United States District Court, Northern District of Illinois
Dec 9, 2024
23-cv-14854 (N.D. Ill. Dec. 9, 2024)

Opinion

23-cv-14854 Bankruptcy 23 B 00811

12-09-2024

In re First Premier Funding, LLC, Debtor. v. County of Cook d/b/a Cook County Land Bank Authority Defendant/Appellee. First Premier Funding, LLC, Plaintiff/Appellant,


Jacqueline P., Cox Judge

MEMORANDUM OPINION AND ORDER

SHARON JOHNSON COLEMAN UNITED STATES DISTRICT JUDGE

Before the Court is Appellant First Premier Funding, LLC's appeal of the bankruptcy court's September 29, 2023 ruling dismissing its Chapter 11 bankruptcy petition. For the foregoing reasons, the Court affirms the bankruptcy court's ruling.

BACKGROUND

First Premier Funding, LLC (“Appellant”) is the beneficiary of the Capital Equity Land Trust No. 2140215 (“Capital Equity”). From 2014-2019, Capital Equity held title to the property at 17100 Halsted St., Harvey, IL 60426 (the “Property”). On July 17, 2019, the Property was sold to Cook County Land Bank Authority (“Appellee”) via a scavenger sale after Capital Equity defaulted on $400,000.00 in property taxes. On October 21, 2021, the Circuit Court of Cook County entered orders issuing the tax deeds of the Property to Appellee, which were timely appealed. On February 10, 2022, Appellee filed the tax deeds with the Cook County Recorder of Deeds.

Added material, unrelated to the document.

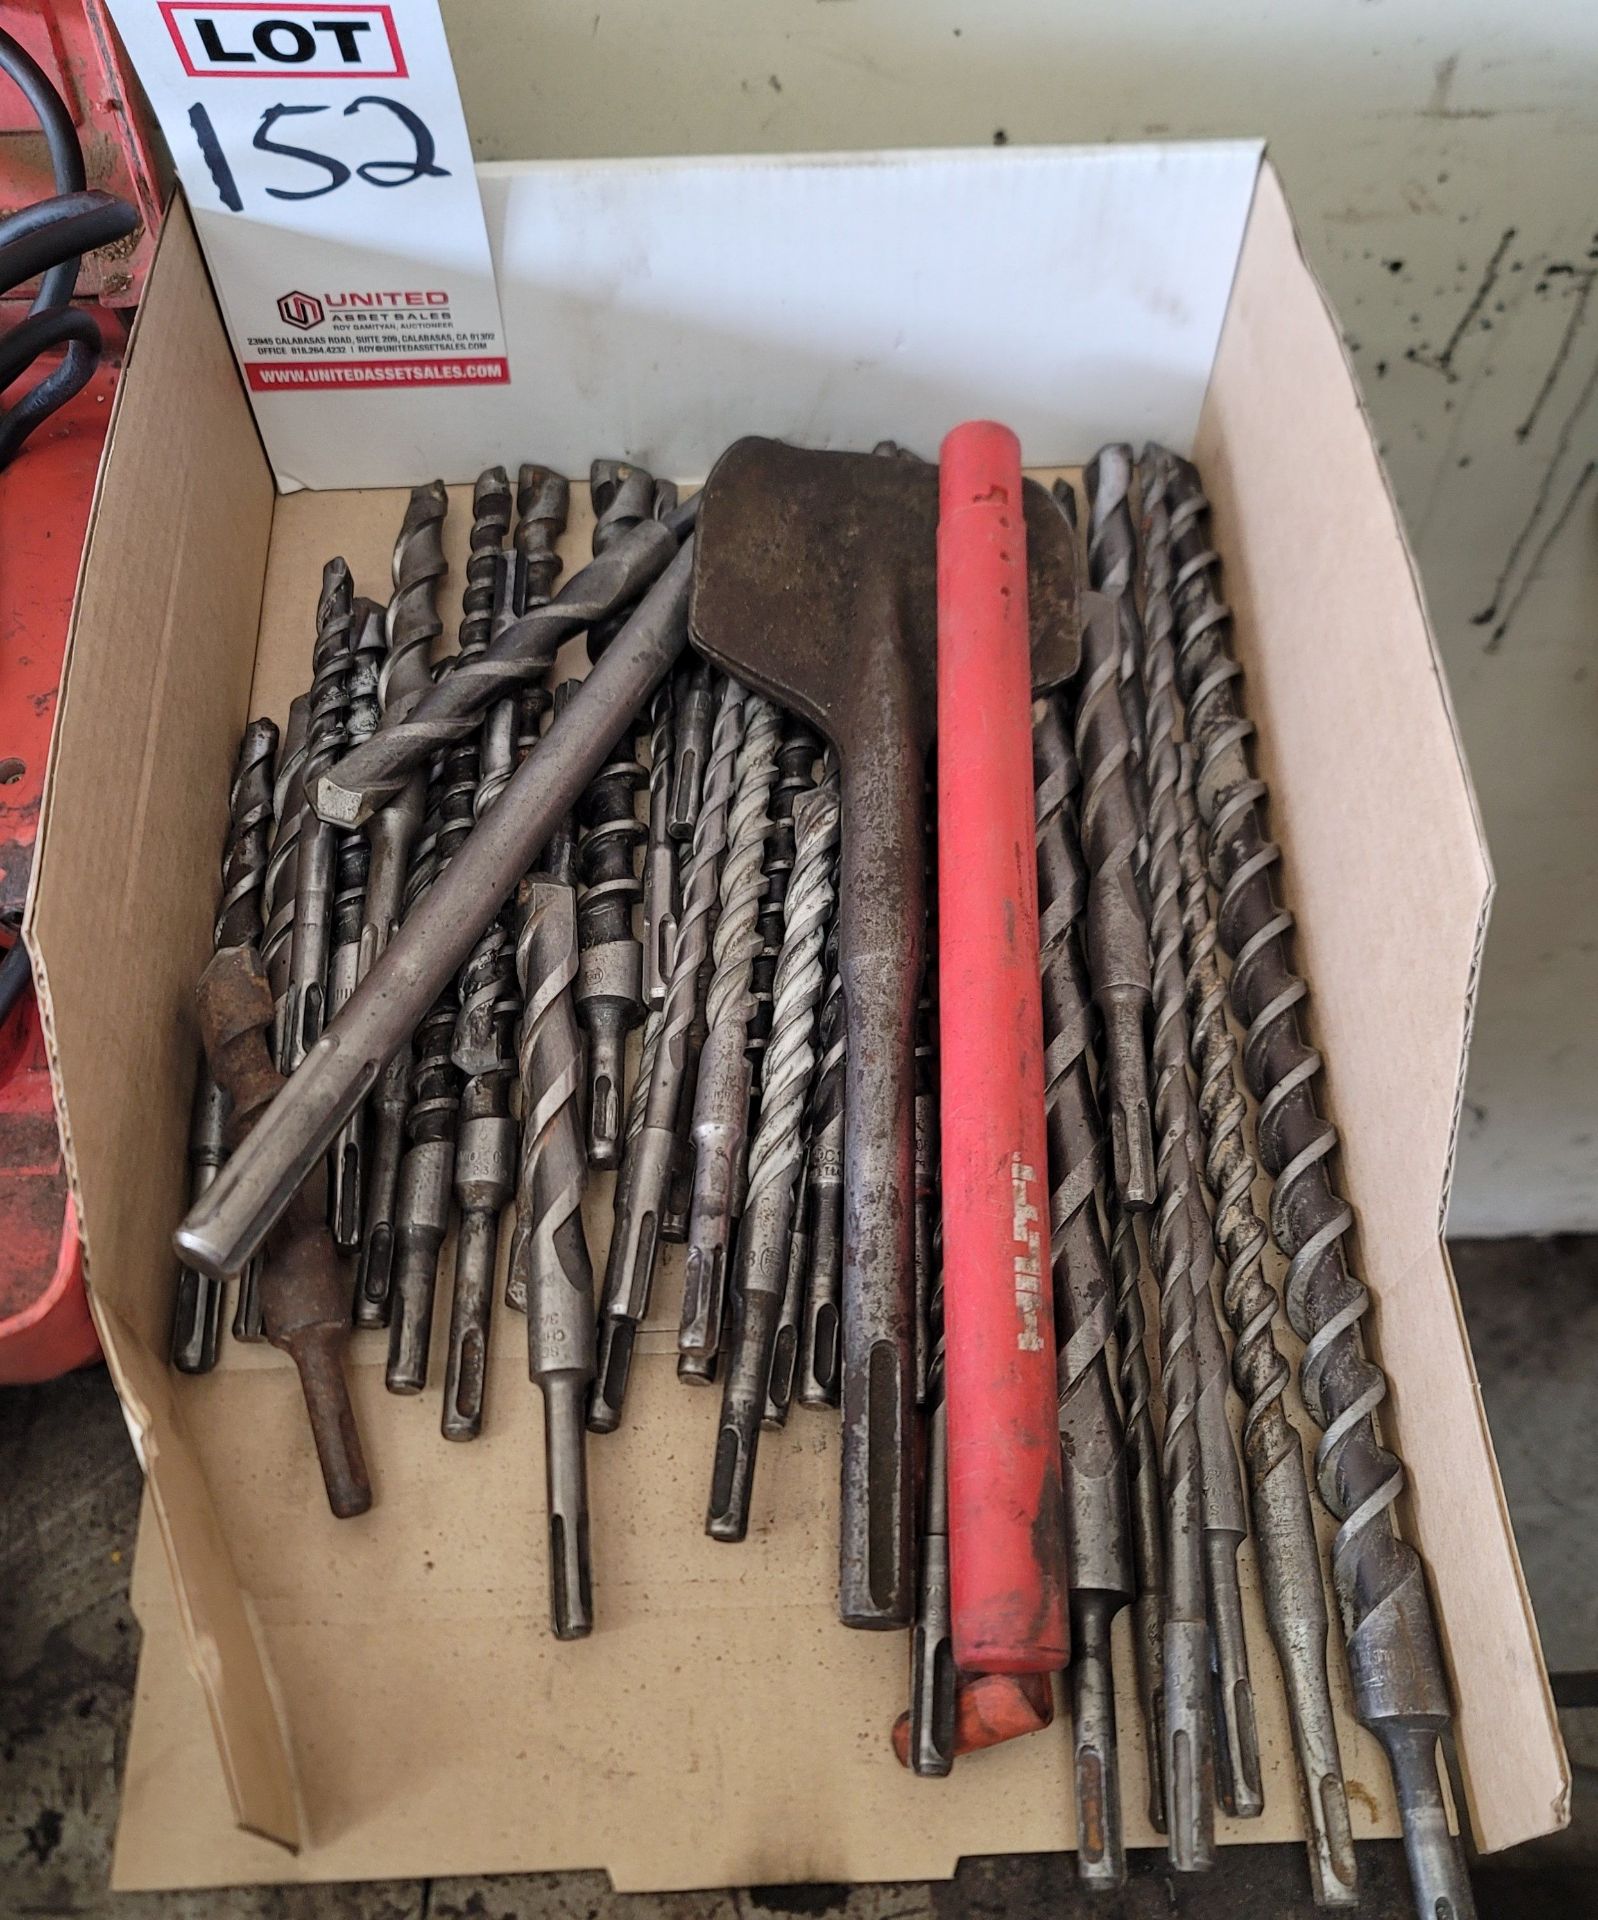 LOT - CONCRETE DRILL BITS FOR ROTARY HAMMERS

On March 7, 2022, Capital Equity filed for Chapter 11 bankruptcy (the “Capital Equity Bankruptcy”). On November 9, 2022, the bankruptcy court dismissed Capital Equity's petition, finding Capital Equity ineligible for bankruptcy relief as a land trust under 11 U.S.C. § 109(d). The bankruptcy court determined that the case was not filed in good faith, but rather as a litigation tactic, under 11 U.S.C. § 1112(b) due to the pending appeal of the state court tax proceeding. Further, the bankruptcy court determined that Capital Equity failed to show it had any income to fund a reorganization plan as required for Chapter 11 bankruptcy.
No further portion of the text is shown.